Based on the reconstruction of the facts on the ground, on Wednesday 31 March the girl's body was found in the same room where in fact her parents gave television interviews.
Experts specializing in disappearances and dogs that sniffed around the home days before had not noticed the presence of the mortal remains of the infant, who remained after her death due to "mechanical asphyxiation due to obstruction of the nasal cavities and thorax-abdominal compression," according to the autopsy carried out days later. The exact location was the foot of the bed, wrapped in sheets.
Already in April, the case develops with the public confrontation between both parents, since the inconsistencies in their statements make the discrepancy evident. Only the family of Mauricio Gebara attended the funeral (at the French Pantheon in Mexico City), while only the maternal family attended the funeral procession and the burial of the coffin with the girl. The quarrel would continue over the custody of Lizette, their eldest daughter. Seven years later, in May 2017, Paulette's body was exhumed for cremation.
Outstanding issues besides Paulette
History of a Crime: The Search is only one of many television productions that have sought to reflect a real fact; however, UNAM academic Miguel Ángel Quemain Sáenz adds that more stories like these are still needed.
He argues that viewers nationwide must see and know all the stories that have caused uncertainty and turmoil in real life, such as the 2017 earthquake and the ABC daycare fire, as well as the situations that most Mexicans have faced in the face of the Covid-19 pandemic.
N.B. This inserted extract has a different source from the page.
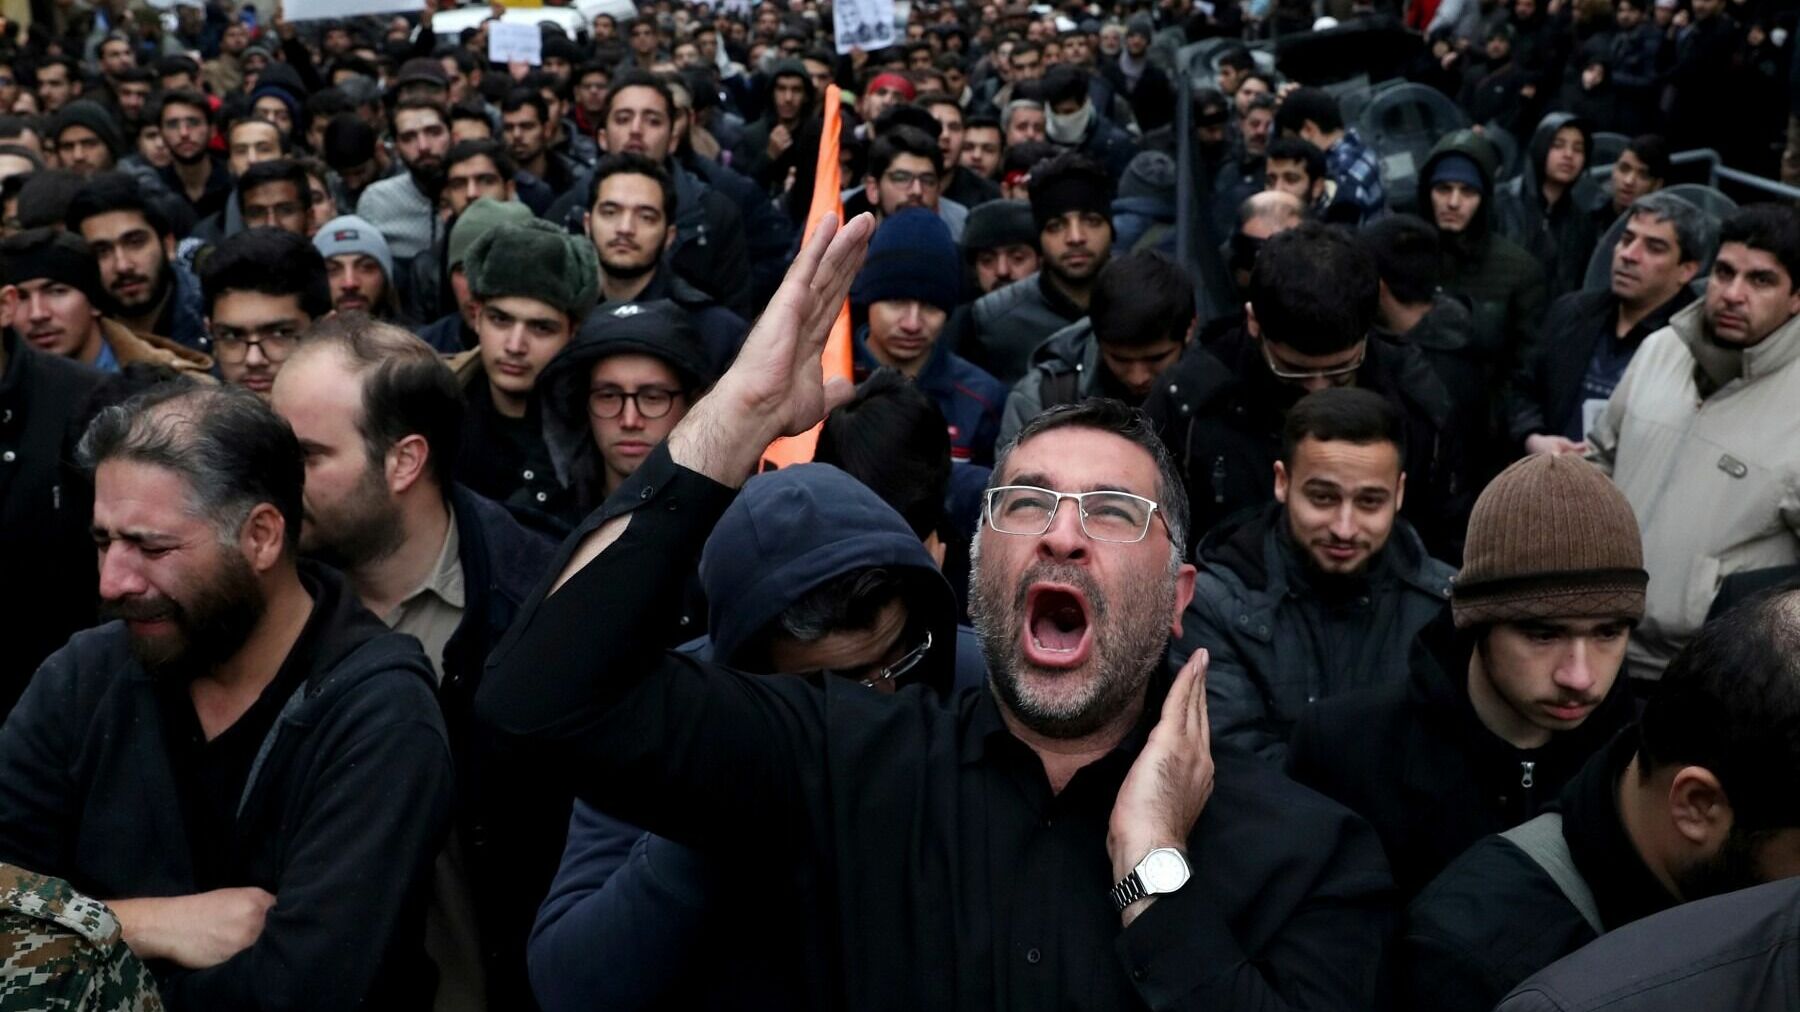 Al Arabia: В Иране возобновились акции протеста под лозунгом "Смерть диктатору!"

Quemain Sáenz comments that the series on the death of little Paulette must be well documented and researched in order to be of greater interest and gain more value, just like other international series, such as Jeffrey Epstein: Disgustingly Rich or The Valhalla Murders.
"If you don't have the truth or as much research as possible on stories like these, Netflix will continue to produce things that are neither cinema nor literature, there must be a need for research," says the also psychoanalyst.